Shares of Manchester-based consumer products company PZ Cussons fell about 4% on Wednesday after it published positive results for the year ended May 31, 2021, but also provided a more cautious trading update for the first quarter of its current financial year.
Full-year revenue from continuing operations rose 2.7% to £603.3 million amid “unprecedented levels of demand for hygiene products” including the firm’s Carex brand — and adjusted profit before tax from continuing operations was up 11% to £68.6 million.
However, in the trading update, Cussons said that as expected, the demand for hygiene brands at the beginning of the Covid-19 pandemic has impacted year-on-year revenue comparisons in the first quarter of FY22.
One-year Q1 revenue fell 9%, with Carex in the UK experiencing a double-digit decline.
Cussons said business performance improved as the quarter progressed and it returned to growth in August.
Assuming no further disruption, Cussons expects to return to growth for Q2.
PZ Cussons CEO Jonathan Myers said: “FY21 represents the first year of our new strategy and the journey to turn around the business.
“With the return to top and bottom line growth on an adjusted basis and tangible progress on key elements of the strategy, we are pleased with the initial progress made while recognising that we have much more to do.
“The revenue momentum was broad-based, with all but one of our Must Win Brands and all of our regions in growth.

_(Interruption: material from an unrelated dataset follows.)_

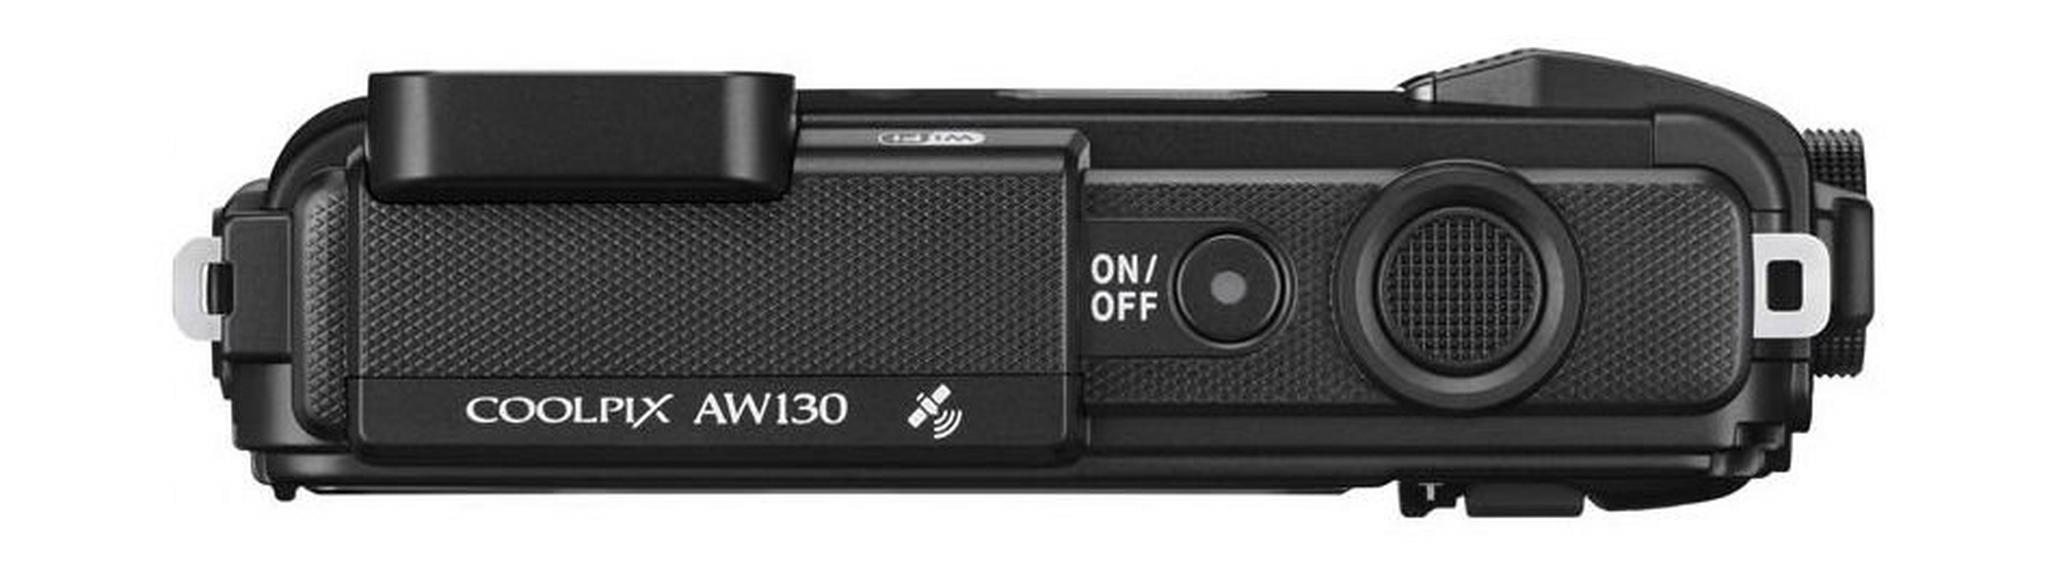 كاميرا نيكون كوولبيكس إيه دبليو١٣٠ الرقمية - ١٦ ميجا بكسل ومضادة للماء - أسود - AW130
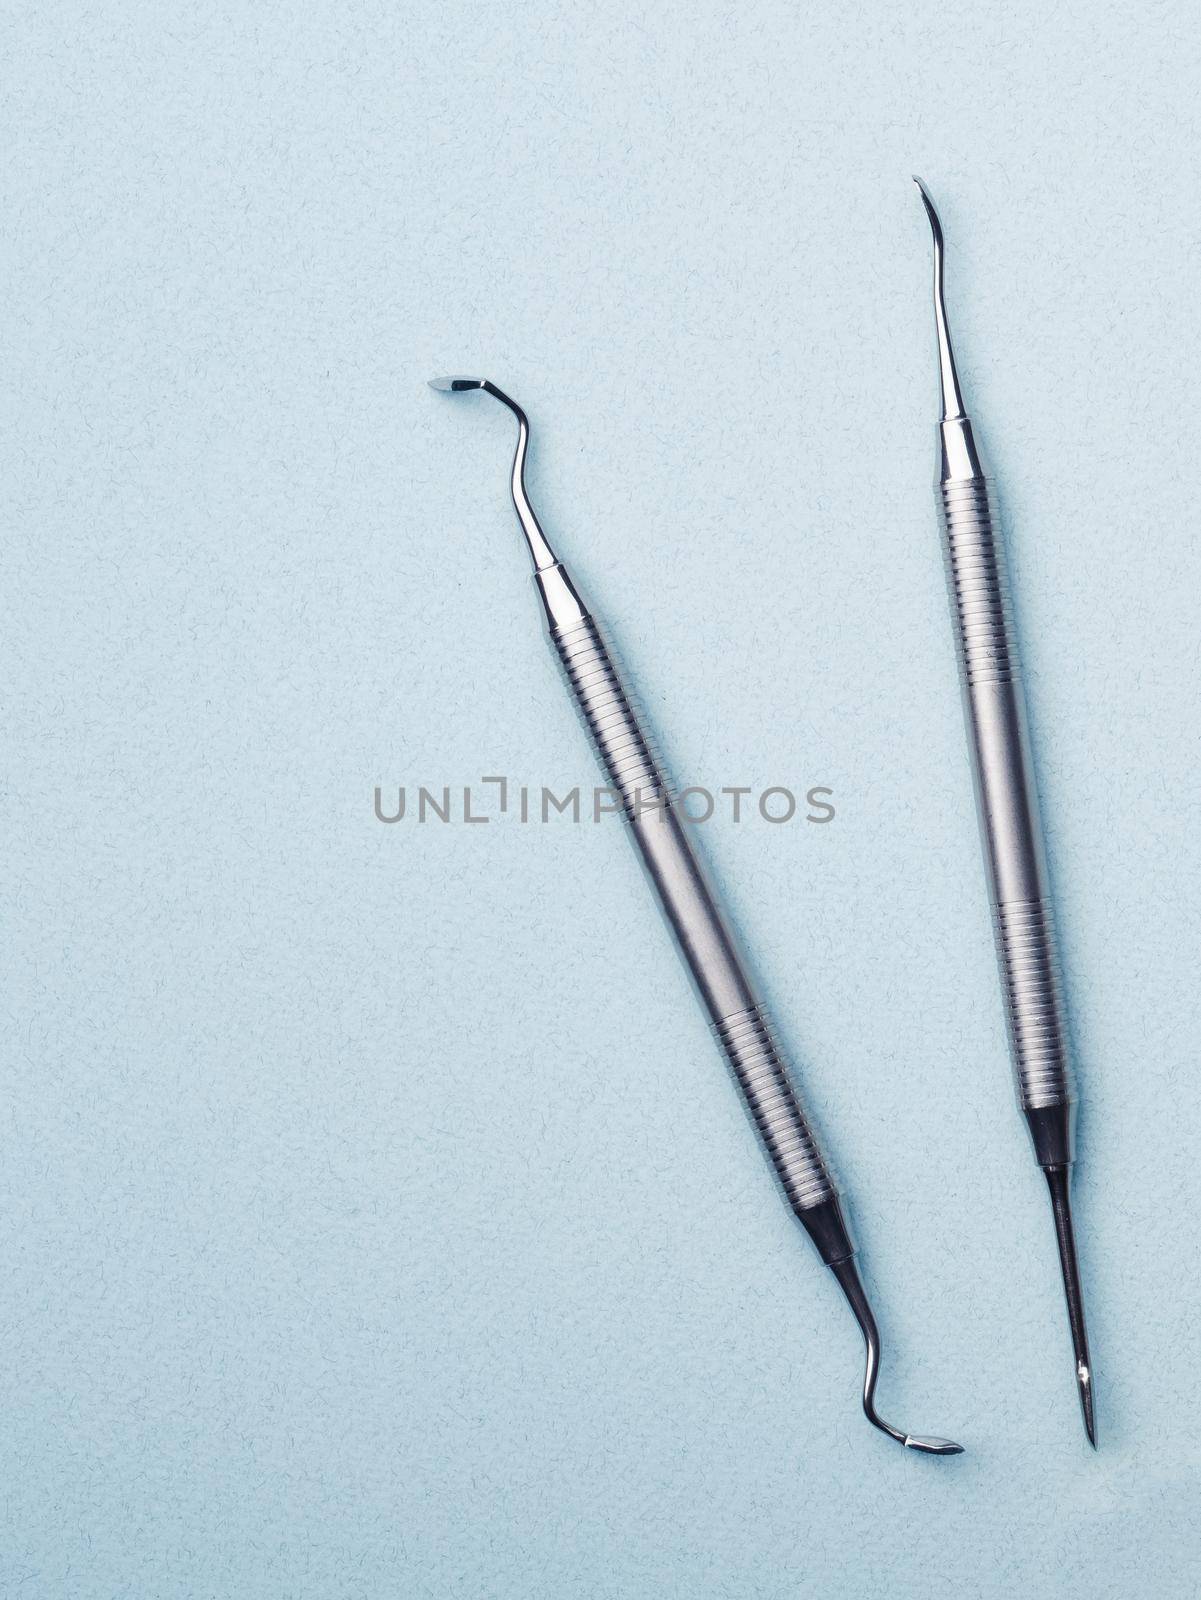 Metal dental tools by GekaSkr

“We were able to demonstrate improved levels of profitability and significantly step up investments in marketing activity and commercial capabilities as we set out to be a business that builds stronger brands and serves more consumers.
“This was set against a backdrop of the Covid-19 pandemic, which saw unprecedented levels of demand for Hygiene products.
“Our brands were available for our consumers when they needed them most and we retained market leadership — both with Carex in the UK and Morning Fresh in Australia.
“We were also pleased with the strong performance of our Baby and Beauty businesses, as consumer hygiene habits start to normalise …
“The board is recommending a final dividend of 3.42p (2020: 3.13p) per share, making a total of 6.09p (2020: 5.80p) per share for the year.
“This +5% increase reflects the board’s confidence in the group’s financial resilience and future growth prospects.”
AJ Bell investment director Russ Mould said: “Reality has now hit home with a sharp fall in year-on-year sales for one of the UK’s best known hand gel products, Carex.
“To be fair, its owner PZ Cussons had a high hurdle to beat, given how the year-on-year comparative period saw an unprecedented surge in sales.
“Furthermore, last year it barely had to do any cut-price promotions to shift products as demand went through the roof, implying that profit per bottle could be less this year if it reverts to historical discounting trends.
“Fast forward to the start of its new financial year and there are pressures across the board, principally tough comparative figures to beat, significant cost inflation and ongoing disruptions to supply chains.
“The company says it should still hit earnings forecasts if life doesn’t get worse, but the sharp decline in its share price in response to the trading update would suggest that investors don’t believe it will hit those estimates.”